Washington Times
April 22, 1999
Pg. 22

A Solution To The Problem Of The Aging EA-6B Prowler

The April 16 Inside the Ring item "Prowler Problems" contained important insights concerning the excessive workloads being shouldered by crews of the Navy's EA-6B Prowler aircraft. Unfortunately, the situation is even worse than the column reported, as I noted in recent testimony before the procurement subcommittee of the House Armed Services Committee.

Not only is the highly trained personnel for the Prowler resigning the service in near-record numbers, but the aircraft is being overburdened severely by too many missions in too many places. The head of aviation, plans and requirements, Rear Adm. John Johnson, warned in 1997 that the Prowlers were "flying their lives away" over Yugoslavia, and the situation has grown worse since then.

The carrier-based EA-6B is a system that seldom gets the media play given fighters and bombers, but it is essential to the success of joint air campaigns. With the retirement of the Air Force's last EF-111 Raven a year ago, the Prowler is now the nation's only airborne tactical jammer, a system that blinds and deceives enemy air defenses so that other aircraft can deliver their ordnance. Without such "electronic warfare" capabilities over Kosovo, the NATO allies probably already would have suffered considerable losses of aircraft (at least among the 95 percent of aircraft that are not stealthy).

But there are too few Prowlers, and they are aging rapidly. The average EA-6B today is 16 years old. The Prowlers also probably will suffer significant attrition from combat and training exercises, with the current inventory of 120 planes falling below operational requirements sometime around 2010.

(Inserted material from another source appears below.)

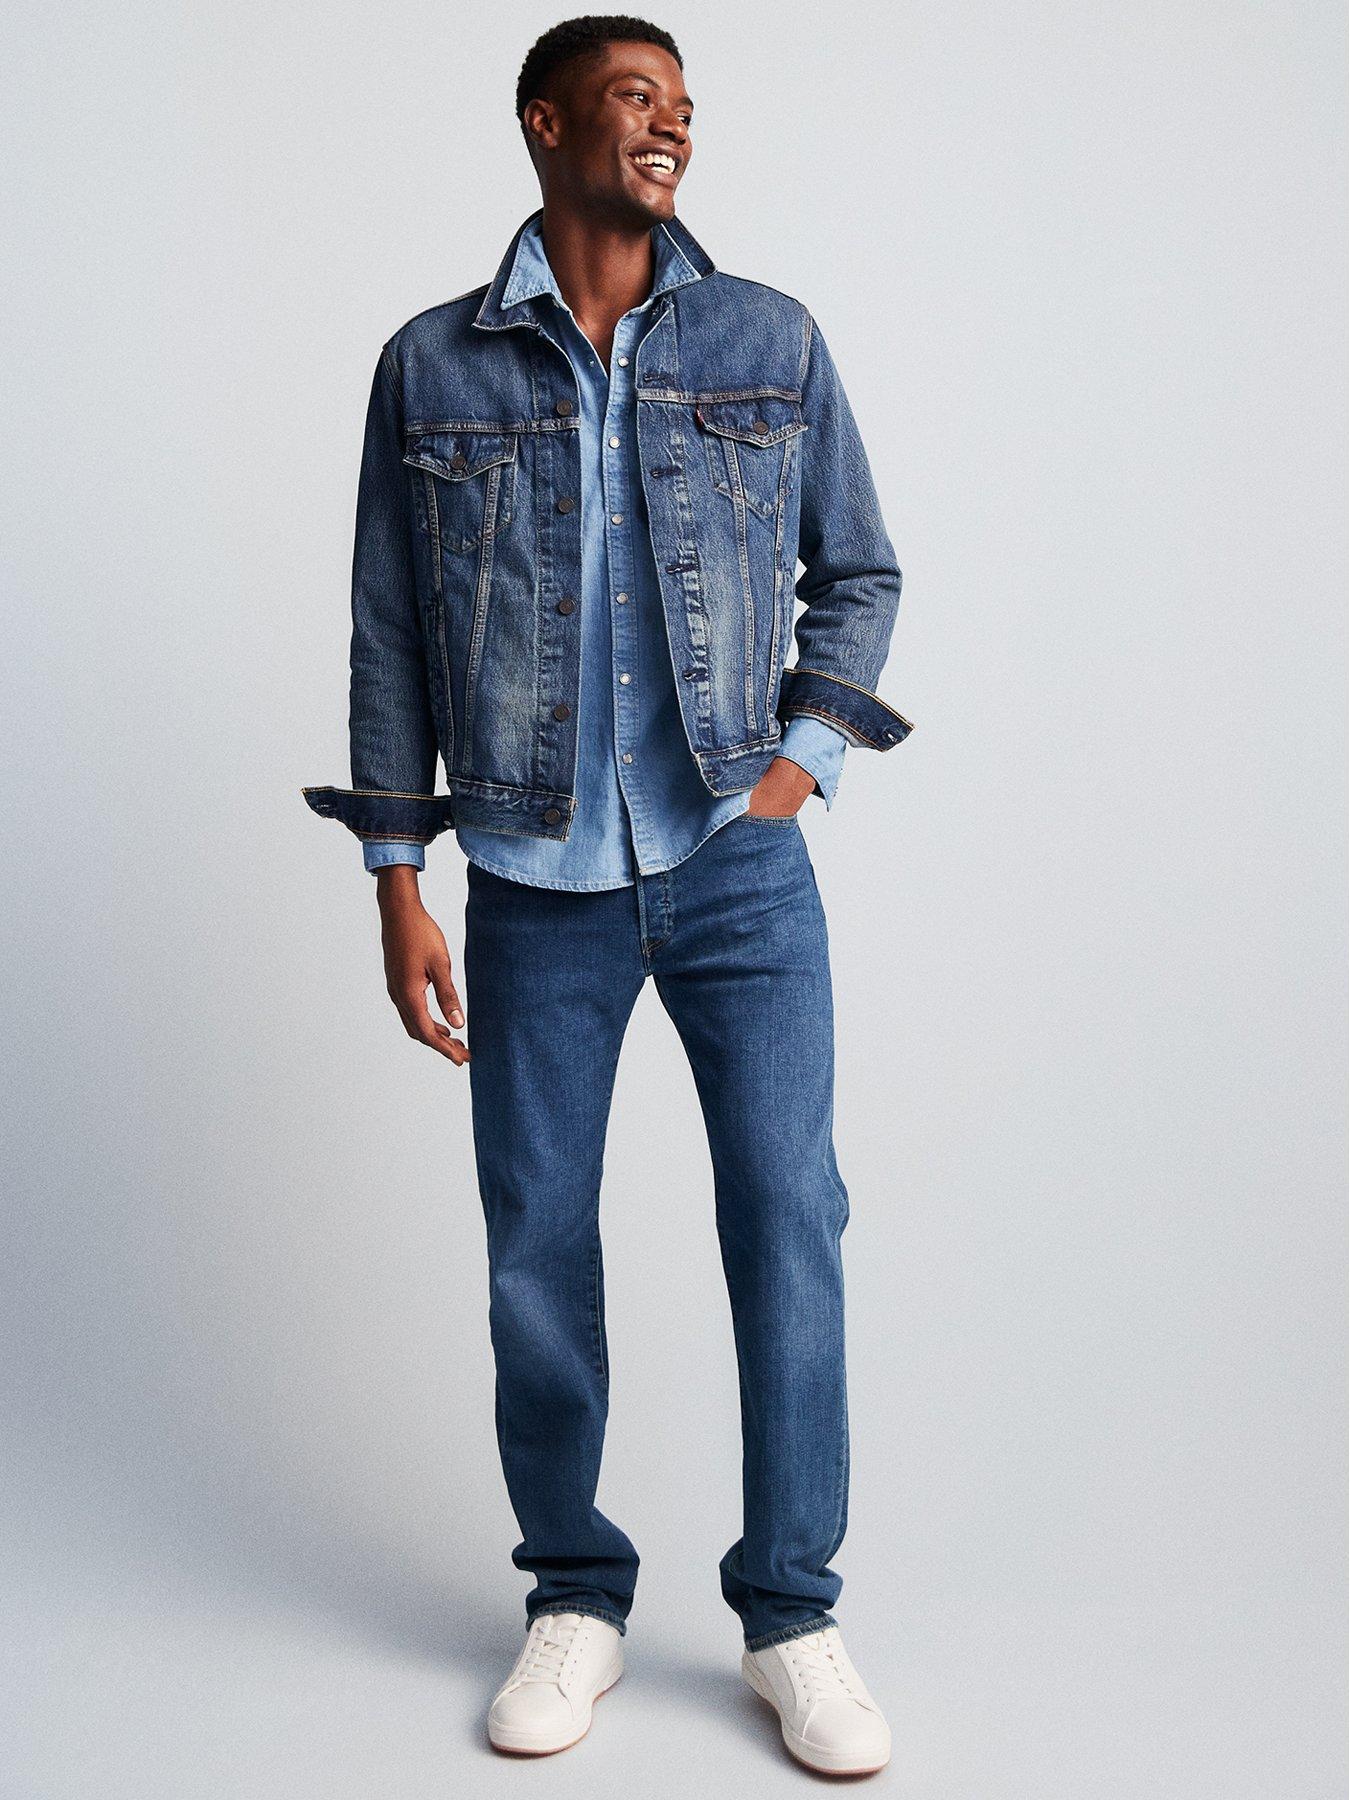 Levi's 501 Original Fit Jeans - Mid Wash | Very
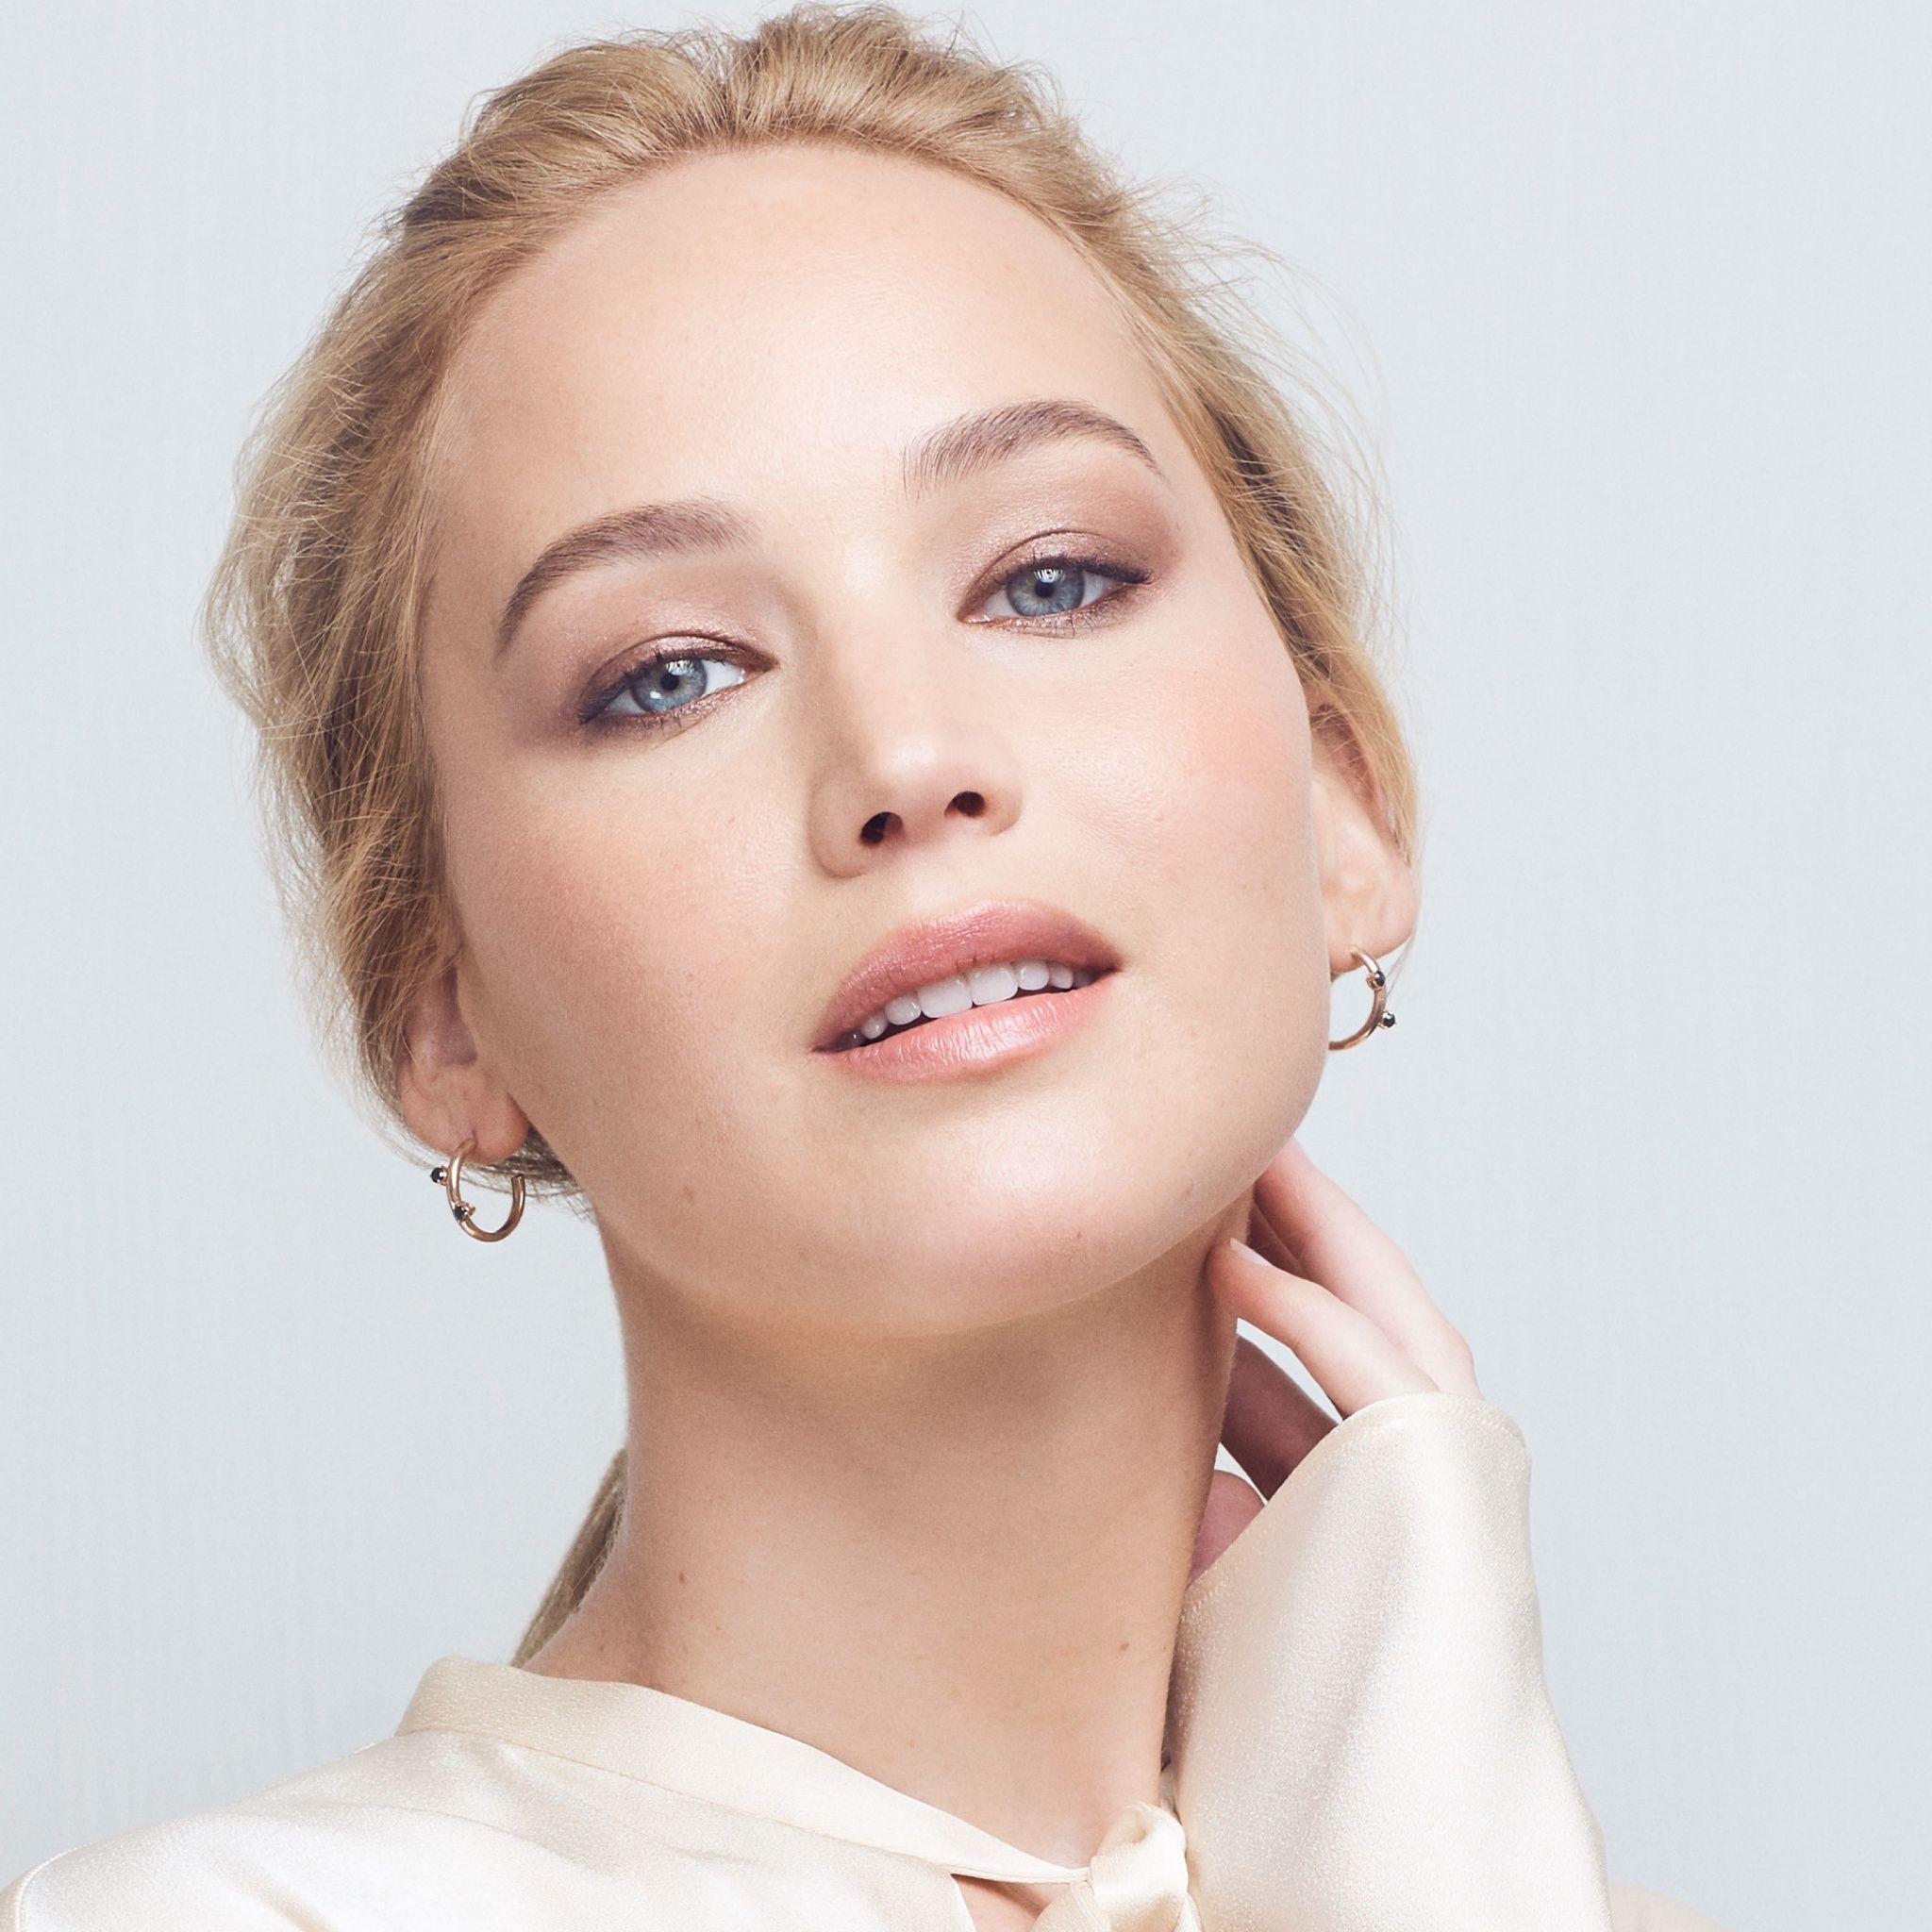 Jennifer Lawrence wearing a white top and gold hoop earrings - Jennifer Lawrence

The Navy is equipping the Prowler fleet with new wings and greatly enhanced electronic-warfare equipment, but it obviously can't fly the same tired old airframes forever. In order to be ready with a next-generation tactical jammer, the Navy needs to begin planning one today.

It probably is too late to develop a clean-sheet aircraft, but it is not too late to adapt some existing aircraft. The obvious candidate is the F/A-18 E/F Super Hornet, the Navy's main strike aircraft for the next 20 years. Developing a derivative of the Super Hornet would assure timely availability, reduce logistics costs by sharing support efforts, guarantee that future jammers can keep up with strike aircraft and probably cut the average cost of all Super Hornets.

But if we don't get going now, this generation of leaders may well be remembered as the people who compromised America's air superiority by not thinking clearly about future requirements. The costs of acting are relatively modest, but the consequences of failing to act could be huge.

Loren B. Thompson, Chief operating officer, Lexington Institute, Arlington

Editor's Note: The article referred to appeared in the Current News Early Bird, April 16, 1999.